So Michael Bennett's book club was just the first step in a much bigger plan. The Seahawks star has grand ambitions that include not just NFL domination, but leading the free world.

Bennett may have some other obstacles to overcome -- lack of governing experience, no military service, and the fact that we haven't had a president with a beard in a very long time -- but at least he doesn't have to worry about eligibility.

Bennett is a natural born citizen and by 2020 will have been 14 years a resident of the United States. He also has not held the office twice before. He won't be 35 years old on Election Day, but he will satisfy the 35-year-old clause of Article Two, Section 1 just 10 days later. Presidents only have to be 35 years old by Inauguration Day, so Bennett makes the cut.

The important question, then, becomes who he'll pick as his vice president. Some of the likely candidates aren't eligible. His brother Martellus, former teammate Marshawn Lynch and current teammates Russell Wilson and Richard Sherman are all too young, for example. Teammate Kam Chancellor has hit so many people so hard (WARNING: NSFW LYRICS) that his nickname is Bam Bam. Not exactly vice presidential material.

Seahawks coach Pete Carroll, though, might be able to help Bennett carry California -- he was born there and won two national championships with Southern California. That's a huge state for the electoral college.

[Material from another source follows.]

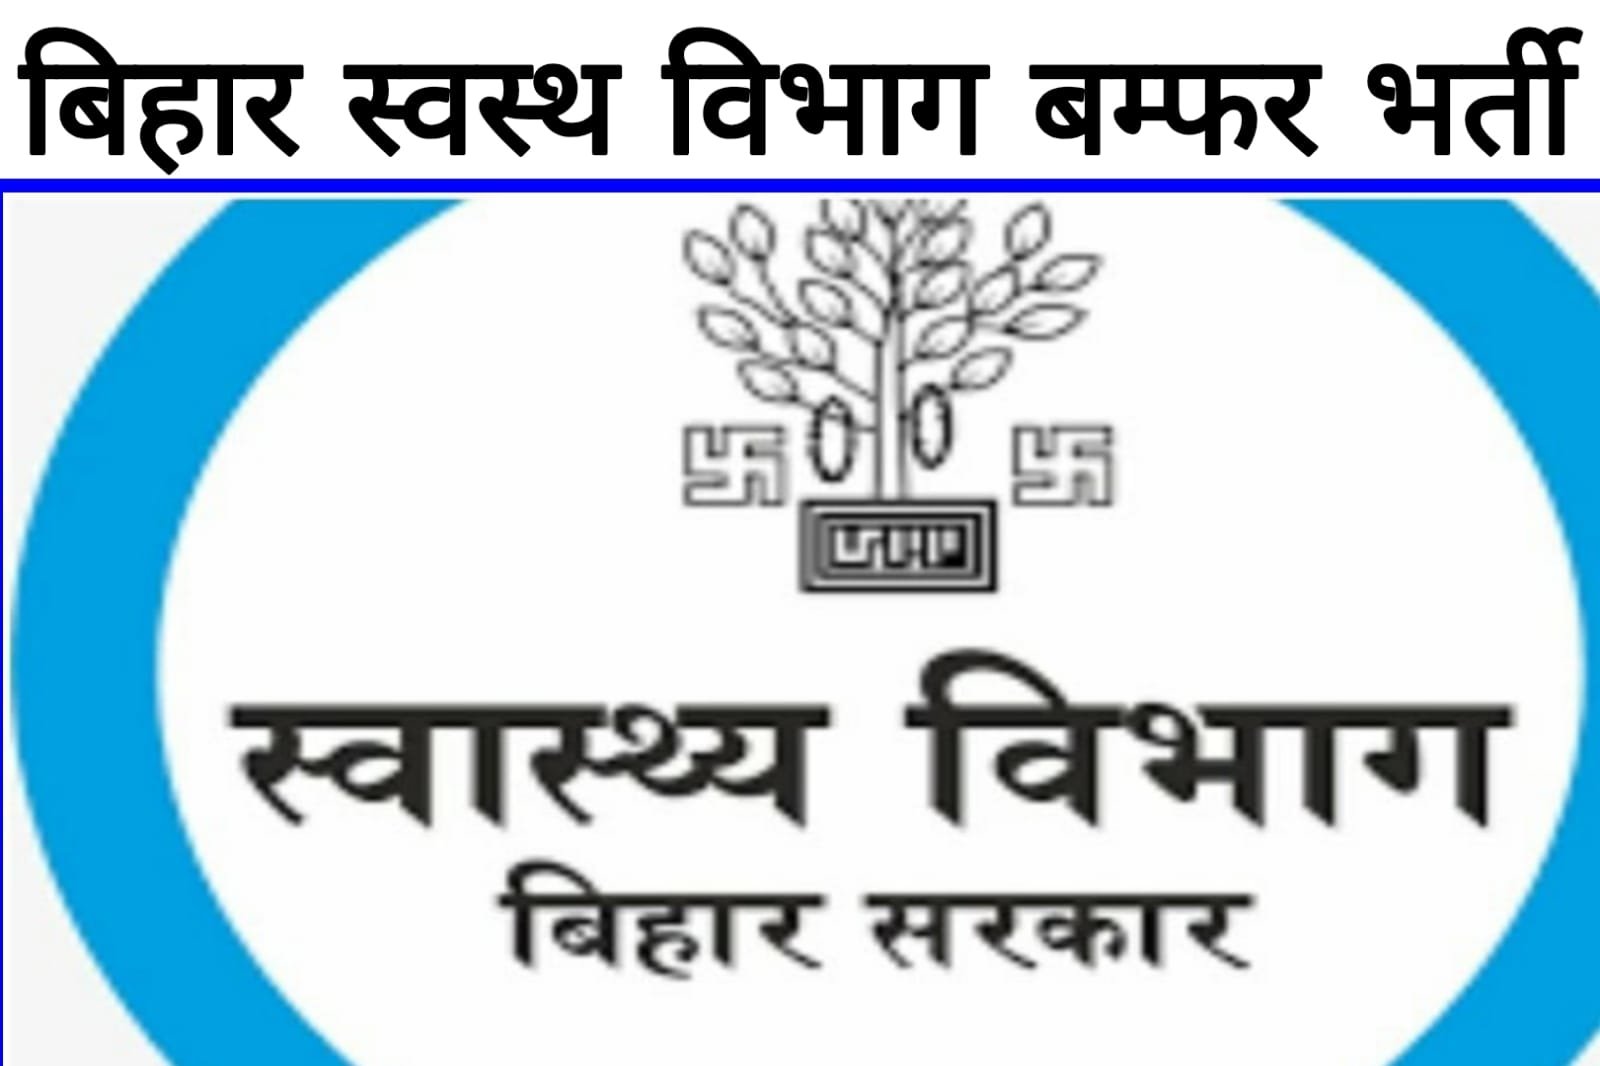 Bihar Sarkari Naukari In Helth Department

Bennett's controversial stance of holding the assassination of John F. Kennedy against Matthew Stafford because he's from Dallas could cost him the state of Texas, though, and he seems unlikely to carry Arizona (Cardinals rivalry) and/or Wisconsin (Packers rivalry). He called Ryan Tannehill mediocre, so that could either cost or win him Florida, depending on how Dolphins feel about him four years from now.

Bennett has mentioned in the past that he respects Tom Brady, so that could put Massachusetts in play. Come to think of it, Bennett could probably lock down most of New England simply by asking Brady to be his VP. But considering Brady had a "Make America Great Again" hat in his locker last year and Bennett appears to not be a fan of Donald Trump, that might not work out so well.

No matter who he picks, Bennett will also have to put together a strong campaign staff and hit the road to give policy speeches and stump for down-ticket candidates in 2020. He won't really be able to do that if he's still playing NFL games starting in August, so he'll have to basically have the race locked up by the start of training camp if he really wants to win, and that's assuming he can even earn the nomination.

In other words, he has a tough road ahead.